Any callable that matches this shape works — no inheritance required. The @hook(...) decorator wraps a function:
from edgevox.agents.hooks import hook, BEFORE_LLM
@hook(BEFORE_LLM)
def add_system_note(ctx, payload):
msgs = list(payload["messages"])
msgs[0]["content"] += "\nRemember: be brief."
payload = dict(payload)
payload["messages"] = msgs
return HookResult.replace(payload, reason="brief reminder")HookResult
Three constructors for the three outcomes the loop honours:
| Constructor | action | What the loop does |
|---|---|---|
HookResult.cont() | CONTINUE | proceed with the original payload |
HookResult.replace(payload, reason=...) | MODIFY | swap the payload in-flight |
HookResult.end(reply, reason=...) | END_TURN | bail out, use reply as the final reply |
reason is a short string surfaced in AgentEvent.payload["reason"] and AgentResult.hook_ended — use it for debugging and audit trails.
Where hooks live
Two layers, fired in order at every point:
- Agent-level —
LLMAgent(..., hooks=[...]). Shared across everyrun()of that agent. - Context-level —
ctx.hooks.register(h). Scoped to oneAgentContext/ conversation.

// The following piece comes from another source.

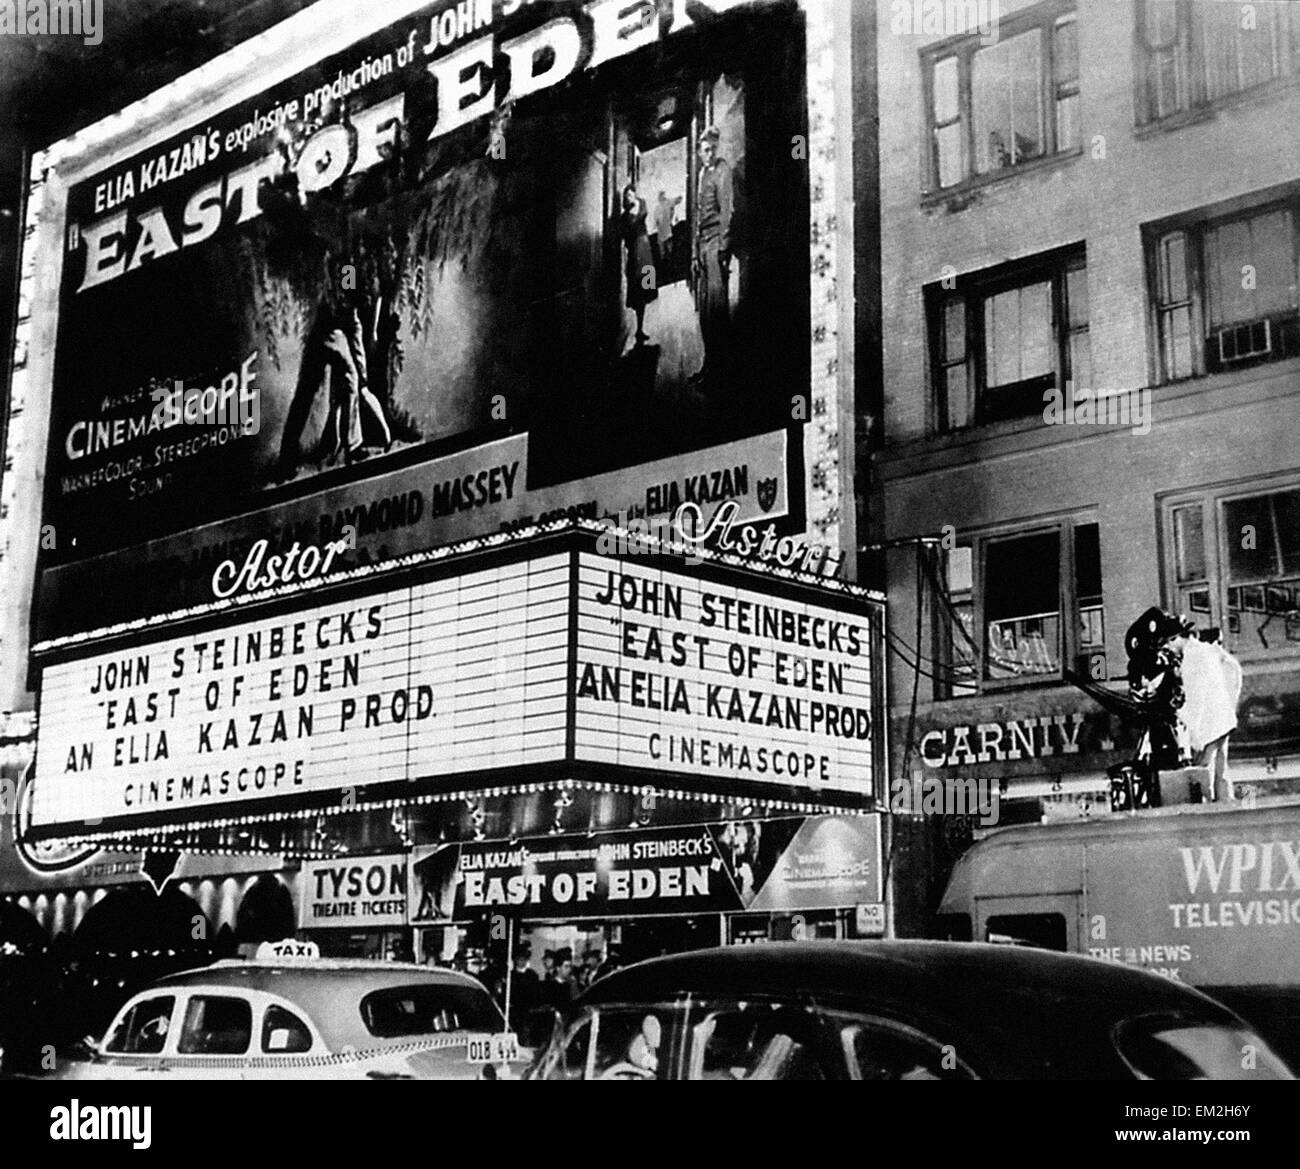 East of Eden - Movie Poster Stock Photo

Agent-level hooks fire first; ctx-level hooks see any modifications they made. This lets you ship agent-specific defaults while letting callers layer session-specific behaviour on top.
Hook-owned state
Hooks that need per-turn state (fingerprint counters, retry budgets) store it under ctx.hook_state[id(self)]. Keying by id(self) gives each instance its own bag, so two LoopDetectorHook() objects on one context never share counts.
class MyHook:
points = frozenset({ON_RUN_START, AFTER_TOOL})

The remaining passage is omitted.